Therapeutic Efficacy Evaluation of Metronidazole and Some Antifungal Agents with Meglumine Antimoniate on Visceral Leishmaniasis by Real-Time Light-Cycler (LC) PCR in BALB/c Mice

Saleh A Bahashwan

College of Health Sciences, Pharmacy Department, Taibah University, Madina Munawarah, Kingdom of Saudi Arabia;

For correspondence:-     Email: salehbahashwan@gmail.com   Tel:+966505308524

Received: 7 March 2011        Accepted: 3 May 2011        Published: 24 June 2011

Citation: Bahashwan SA. Therapeutic Efficacy Evaluation of Metronidazole and Some Antifungal Agents with Meglumine Antimoniate on Visceral Leishmaniasis by Real-Time Light-Cycler (LC) PCR in BALB/c Mice. Trop J Pharm Res 2011; 10(3):255-263 doi: 10.4314/tjpr.v10i3.2

© 2011 The authors.
This is an Open Access article that uses a funding model which does not charge readers or their institutions for access and distributed under the terms of the Creative Commons Attribution License (http://creativecommons.org/licenses/by/4.0) and the Budapest Open Access Initiative (http://www.budapestopenaccessinitiative.org/read), which permit unrestricted use, distribution, and reproduction in any medium, provided the original work is properly credited..

Abstract

Purpose: To develop a highly accurate molecular assay for evaluating the efficacy of metronidazole and some antifungal agents with meglumine antimoniate against L. infantum visceral leishmaniasis in different mouse tissues.
Methods:  The assay was performed with the Light-Cycler system using SYBR Green I and primers amplifying ca. 120-bp fragment from minicircles of the kinetoplast DNA (kDNA).The mice were divided into two groups. Group I served to evaluate drug activity and parasite load while Group II was assigned to identify possible synergistic activity between meglumine (which is highly effective in the liver but less effective in the spleen) and drugs with significant activity against spleen infection.
Results: The assay was able to detect as little as 100 fragments of L. major DNA per reaction, which is equivalent to 0.1 parasites.

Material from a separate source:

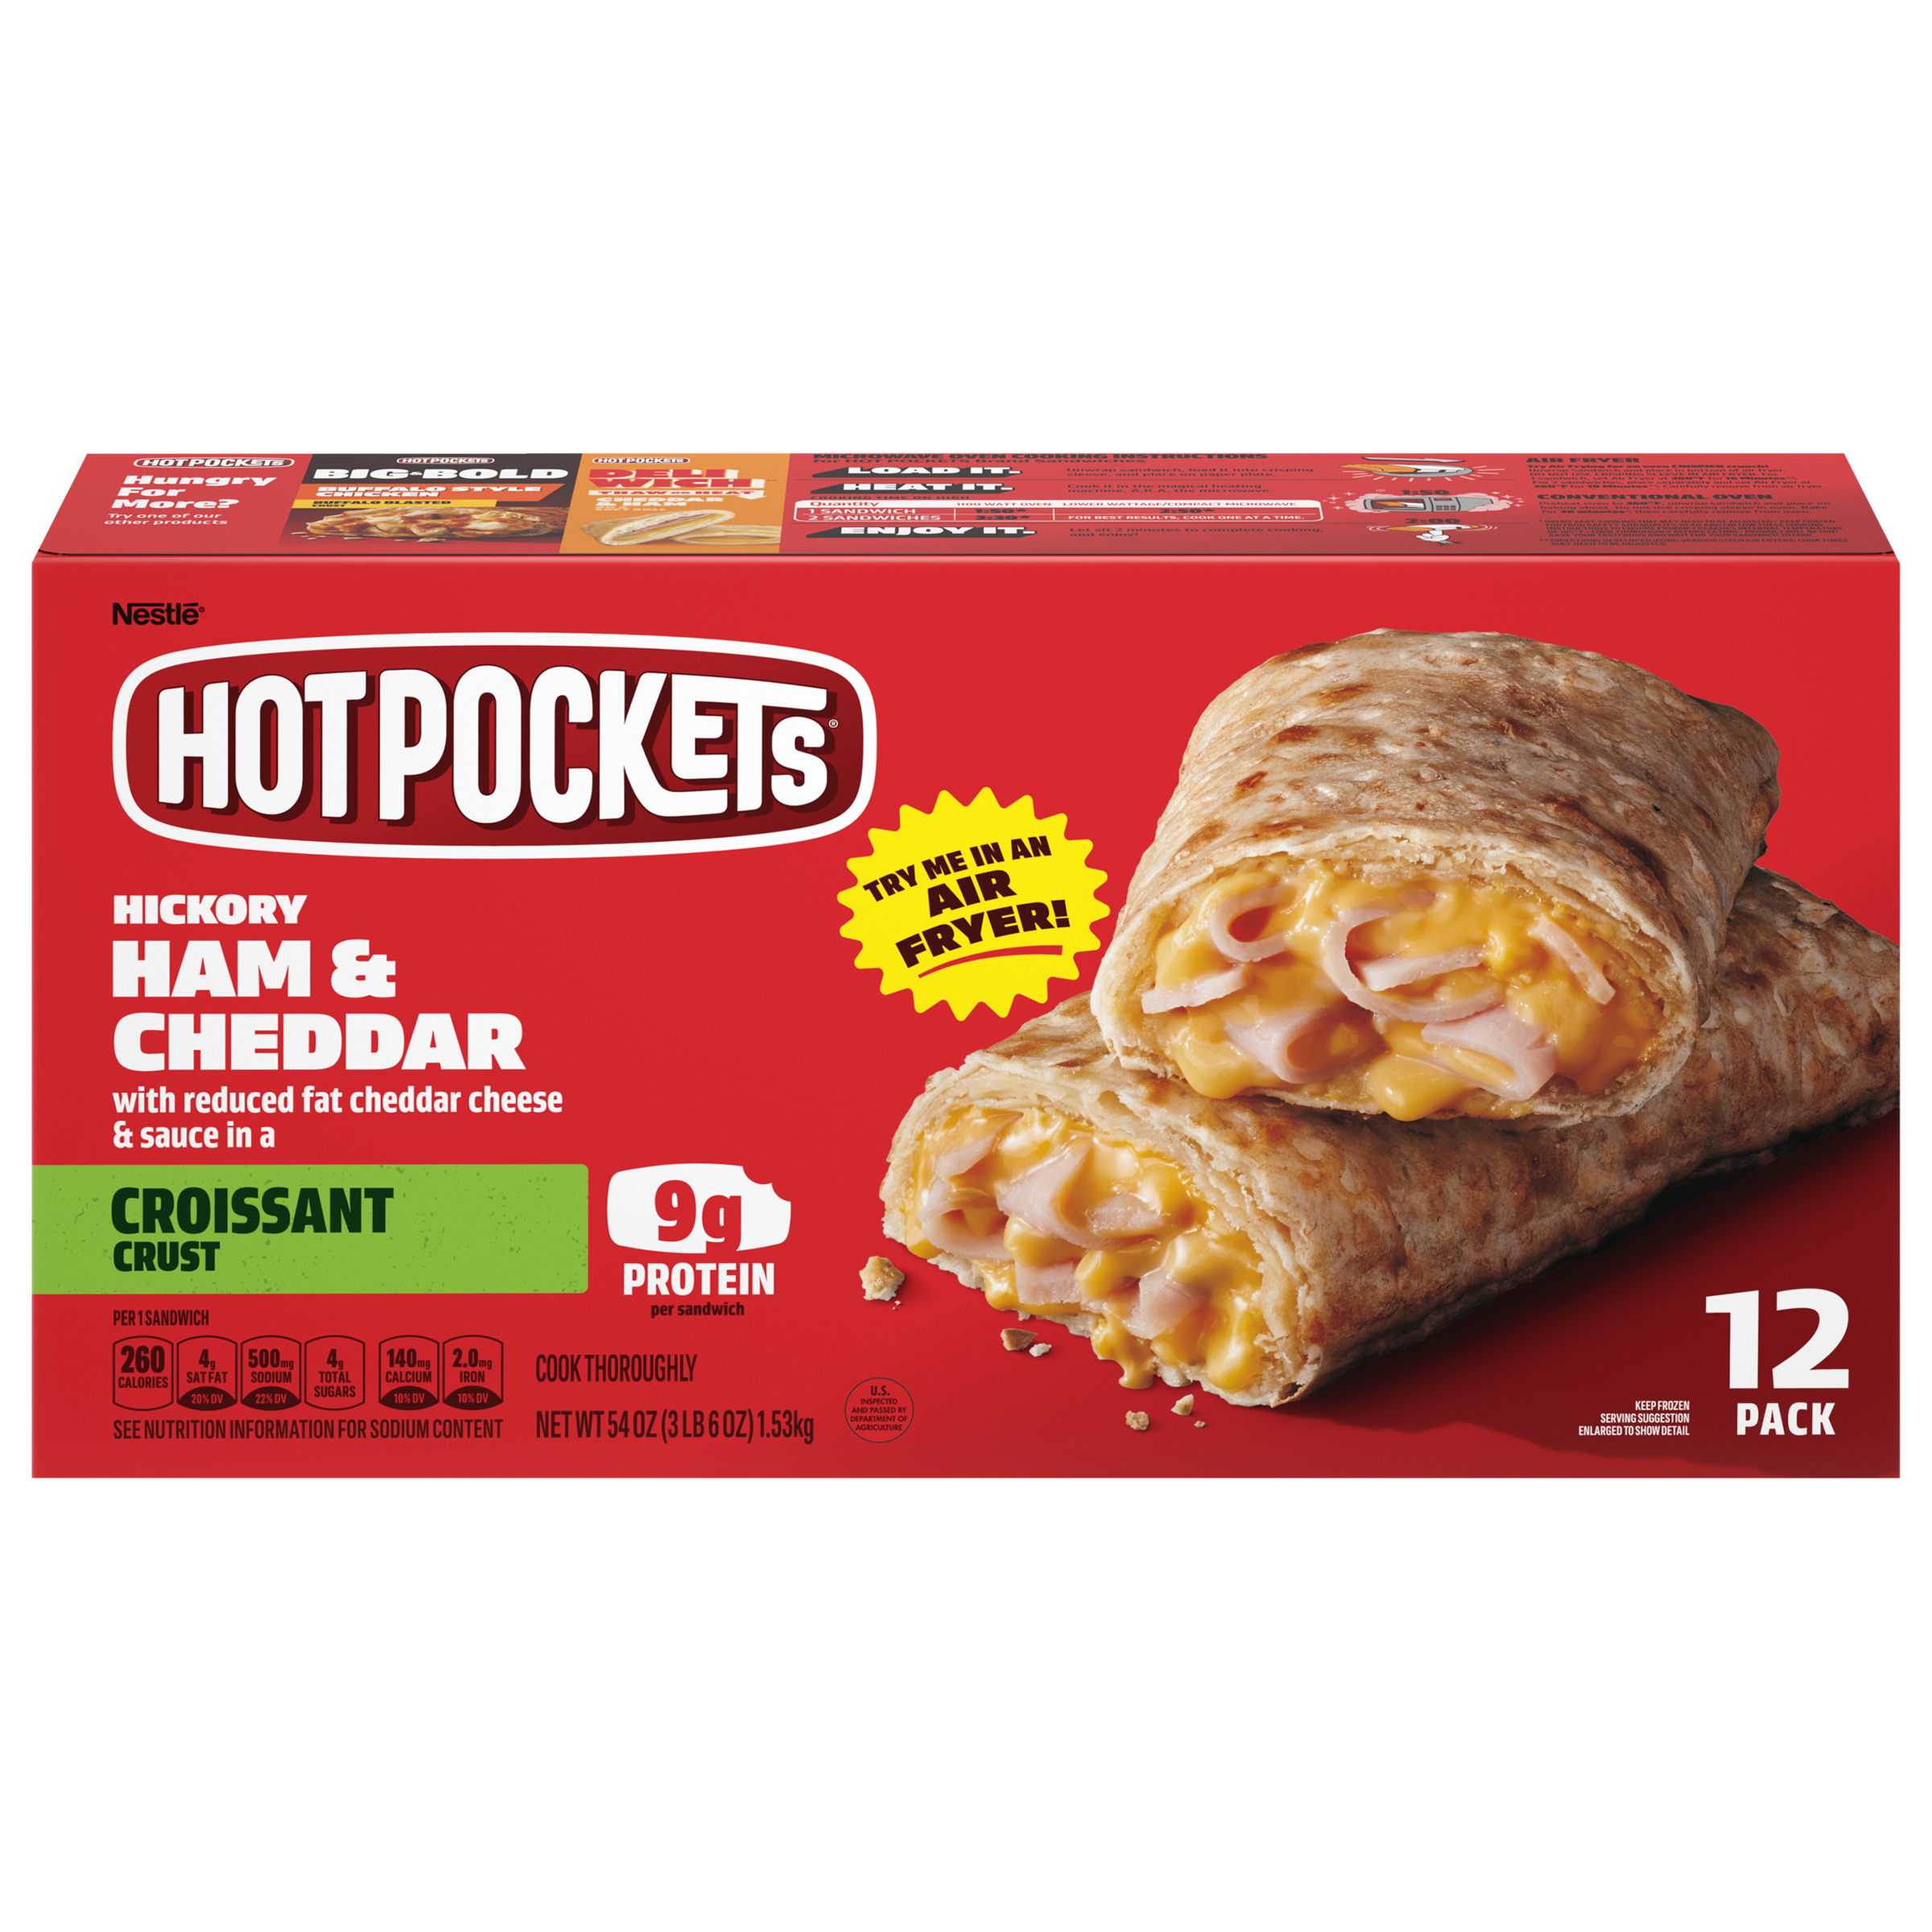 HOT POCKETS Croissant Crust Hickory Ham & Cheddar (12 Pack) 4 units per case 54.0 oz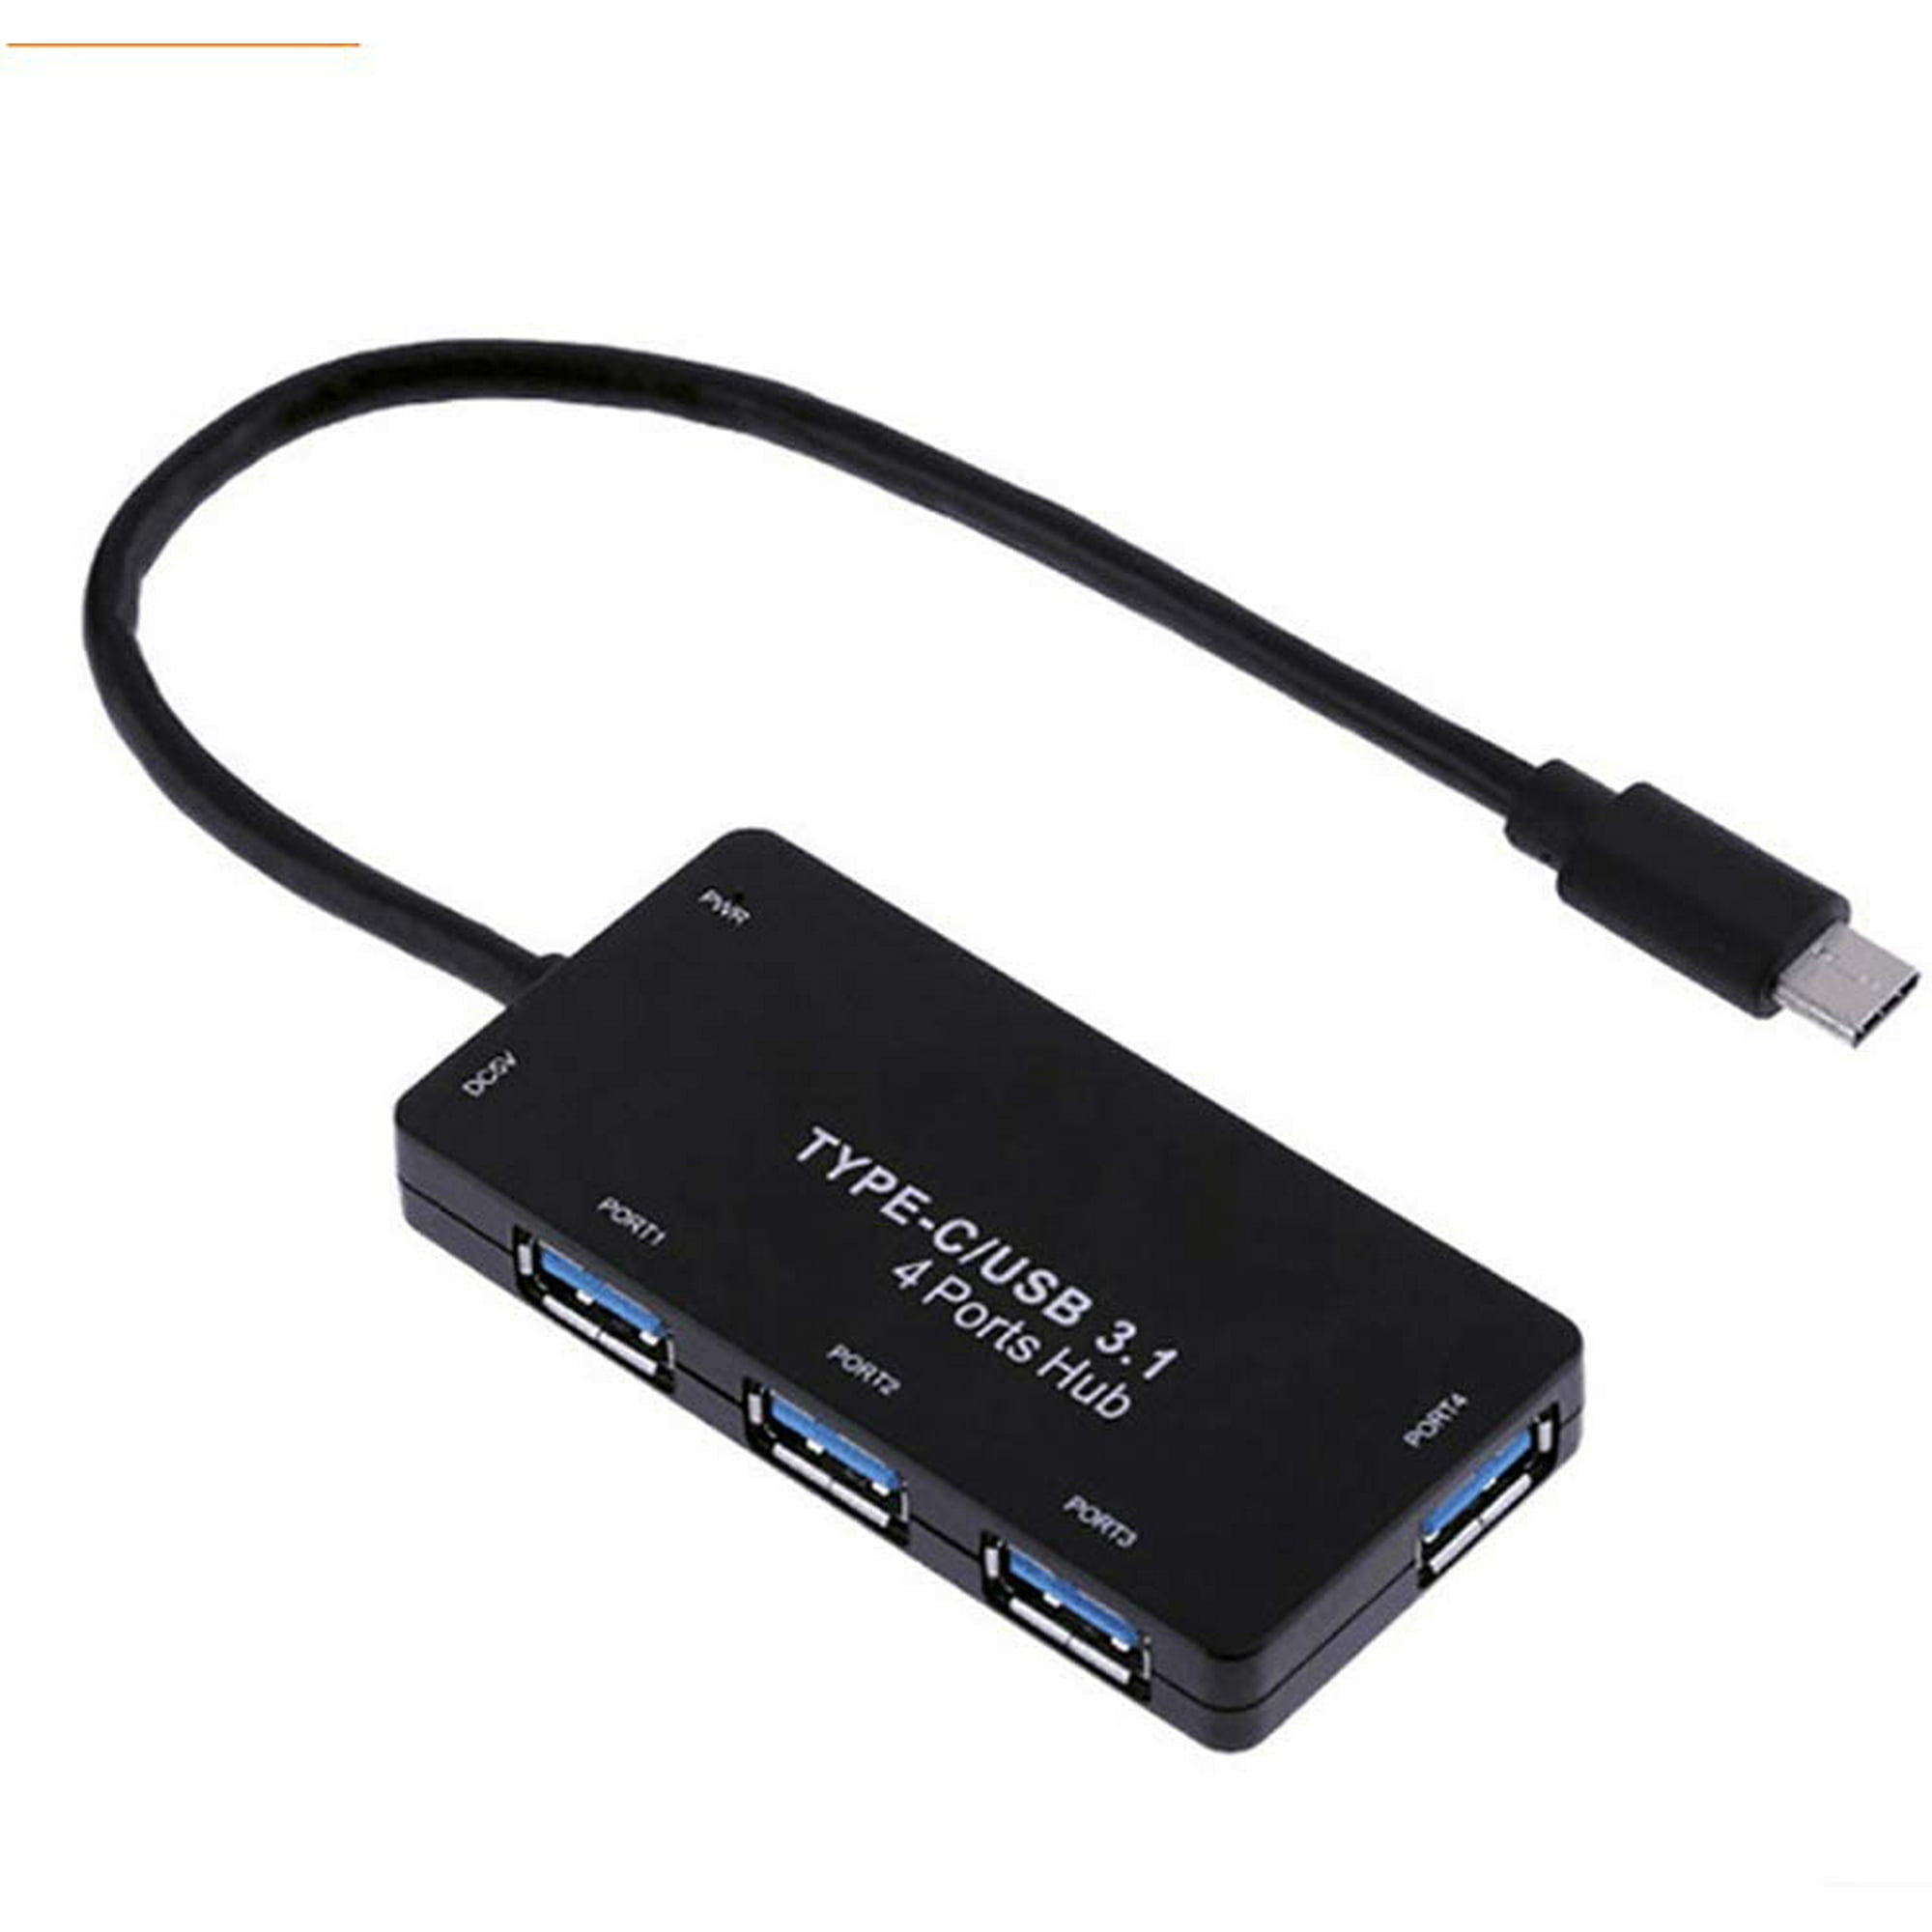 KUNOVA (TM) Super High Type C USB 3.1 4 Ports HUB Build-in USB 3.0 Cable Backward Compatible USB 2.0 | Walmart Canada

The standard curve designed for quantitation of parasites showed linearity over at least 6-log DNA concentration range, corresponding to 0.1 to 104 parasites per reaction with a correlation coefficient of 0.979. Metronidazole, ketoconazole, fluconazole, itraconazole and terbinafine were less effective than antimonial agents in reducing hepatic parasite load while ketoconazole potentiated the effect of meglumine antimoniate reference therapy through its marked activity against spleen infection (L. infantum visceral leishmaniasis).
Conclusion: The assay technique is accurate, sensitive, and rapid for the detection of kDNA and would be of great help to scientists who use animals to monitor the efficacy of anti-leishmanial drugs or vaccines.

Keywords: Leishmaniasis, Molecular diagnosis, Kinetoplast DNA, Real-Time LightCycler(LC)-PCR, Spleen infection, Antifungal agents

Impact Factor
Thompson Reuters (ISI): 0.6 (2023)
H-5 index (Google Scholar): 49 (2023)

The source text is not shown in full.